Dr. Bettina Love, a Black community leader and professor at the University of Georgia, speaks of co-conspirators: people who are willing to “put something on the line.” With a centuries-long head start in building wealth and enjoying privileges some in this country still don’t enjoy, it’s not enough to earnestly want equality or to buy books on race written by white authors. White supremacy and racism were manufactured – and sustained today – by white people, and only white people can dismantle the system they built. Being an ally means being willing to put your body between the police and a Black person, speaking up when your coworker makes a racist comment in an all-white team meeting, or telling the principal that your child’s teacher made a racist comment about another student. We will never achieve a more fair, just, and equitable society unless you’re willing to become a co-conspirator and put something on the line.
WHAT NEXT:
You don't need to be perfect to be an anti-racist. Anti-racism is about confronting racism wherever you find it, even when that’s within yourself. Start by reading the following books: How To Be An Anti-Racist by Ibram X. Kend The Color of Law by Richard Rothstein The Color of Money by Mehrsa Baradaran The New Jim Crow by Michelle Alexander City of Inmates by Kelly Lytle Hernández. Then, Google “Bettina Love co-conspirator” and watch the video.

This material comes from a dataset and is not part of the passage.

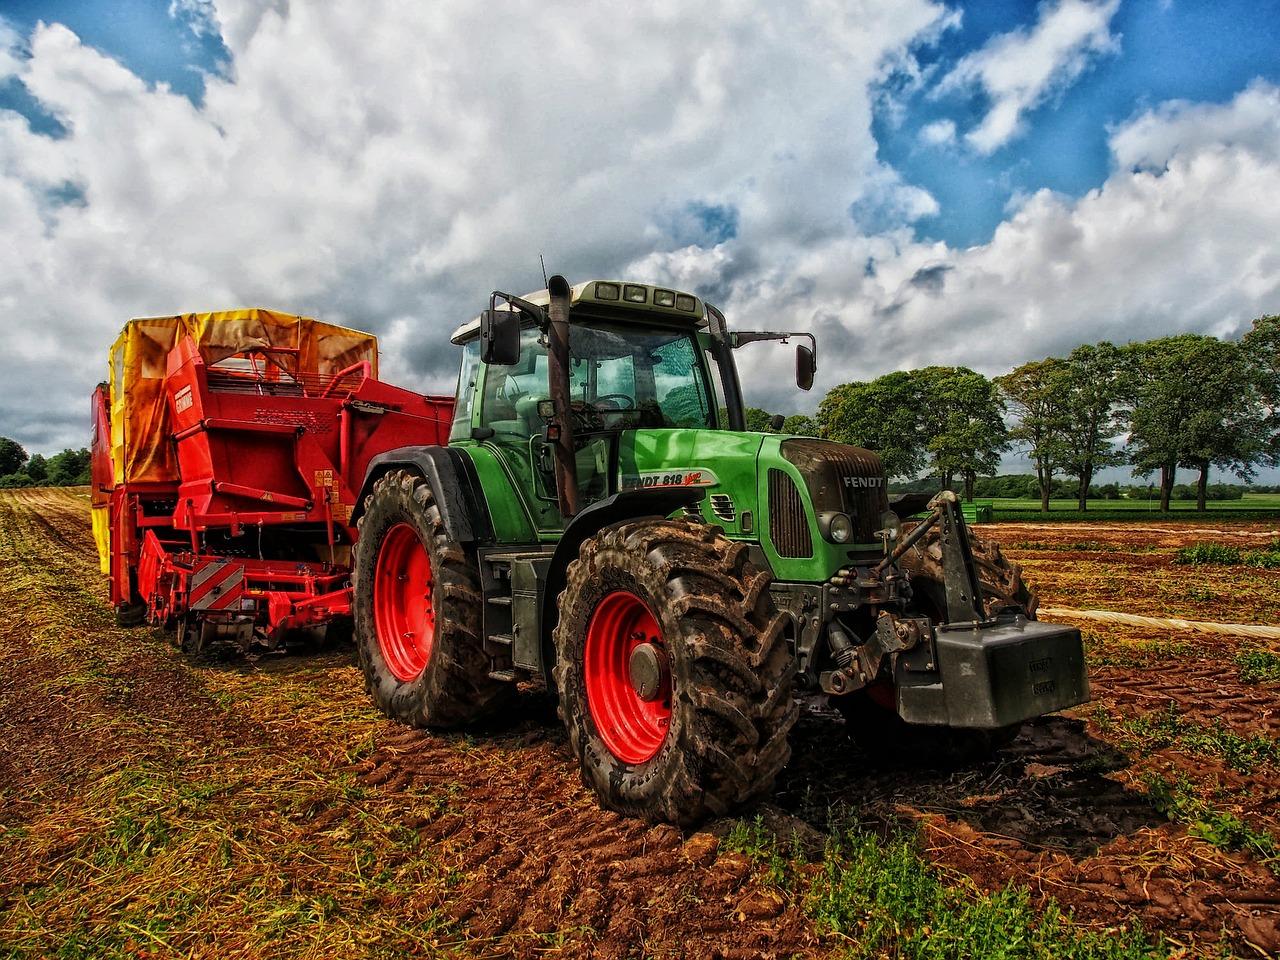 tractor-385681_1280.jpg

Jon Wizard lives in Seaside with his partner, two stepsons, two miniature dachshunds, and cat. After his law enforcement career abruptly ended due to an on-the-job injury, Jon ran for city council and was elected in 2018. Jon now works for Habitat for Humanity Monterey Bay helping to create more affordable housing throughout Monterey and Santa Cruz Counties. Jon holds a master’s degree in humanities for which he completed a thesis about the militarization of the police in the United States and is currently working on a Master of Public Administration degree.